The MBIST Algorithm Recommendation Tool (MART), developed by iSTART-TEK, has evolved into an AI Test Algorithm Copilot, transforming the traditionally experience-driven MBIST algorithm selection process into an AI-assisted decision-making workflow. The system can integrate critical parameters including memory type, memory size, port architecture, target DPPM range, failure information, fail bitmap, repair result, and test time budget to proactively recommend the most suitable March test combinations, UDA test elements, and diagnostic flows, enabling engineering teams to rapidly establish comprehensive testing strategies.
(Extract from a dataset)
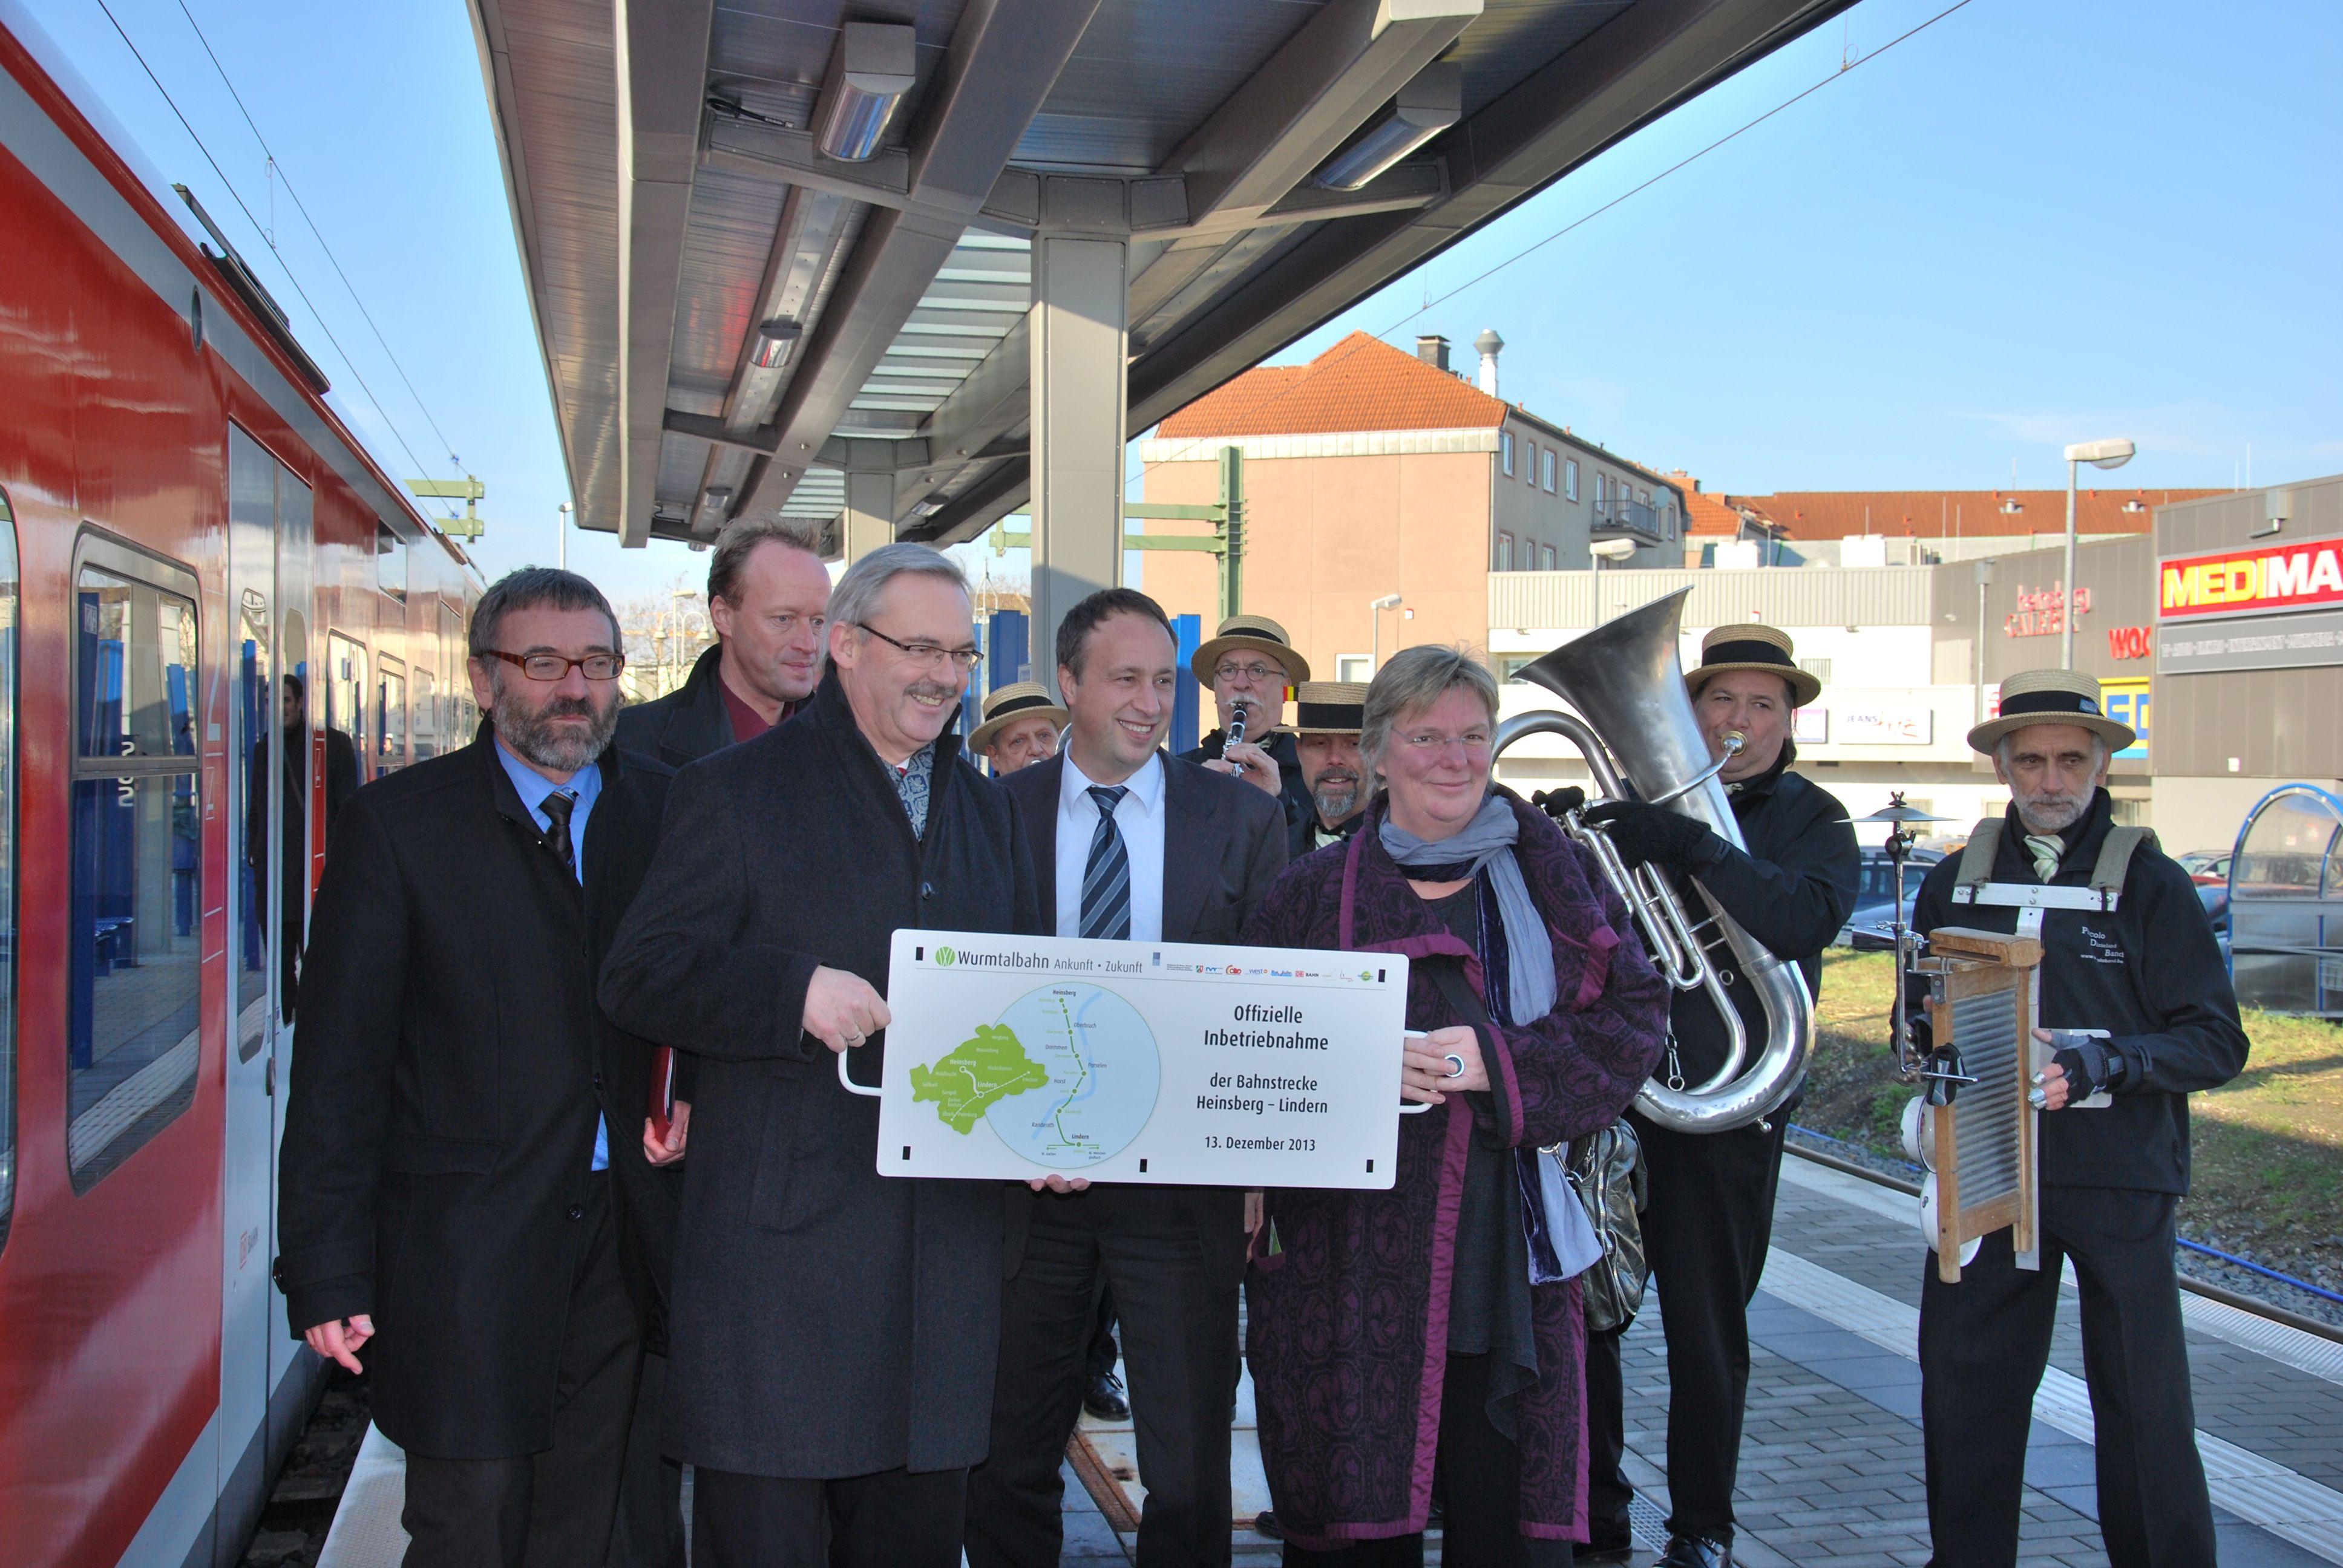 Die Projektpartner präsentieren stolz das Zuglaufschild mit dem Eröffnungsdatum.

The core value of this capability lies in upgrading the traditional “condition matching” approach into a multi-objective optimized recommendation mechanism. Through AI-based weighting methodologies, MART can balance product quality, test time, and design cost simultaneously, allowing MBIST strategies to better align with real-world product requirements. Engineers no longer need to repeatedly search through documentation or manually compare testing conditions. Instead, they can quickly converge on optimal testing directions during the early development stage, significantly reducing decision-making overhead and shortening development cycles.

As AI chips and automotive-grade semiconductor markets continue to pursue ultra-low DPPM and higher reliability, test strategy optimization has evolved from a pure engineering detail into a key competitive advantage. The ability to identify the optimal testing combination more quickly can directly affect both product time-to-market and mass production quality. Facing the ongoing increase in memory scale and architectural complexity, MBIST algorithm selection is transitioning from an experience-driven methodology toward a data-driven and AI-assisted approach. The emergence of MART symbolizes the official transition of memory testing into a new era of AI-assisted decision-making, providing chip design teams with a more efficient and higher-quality decision support platform.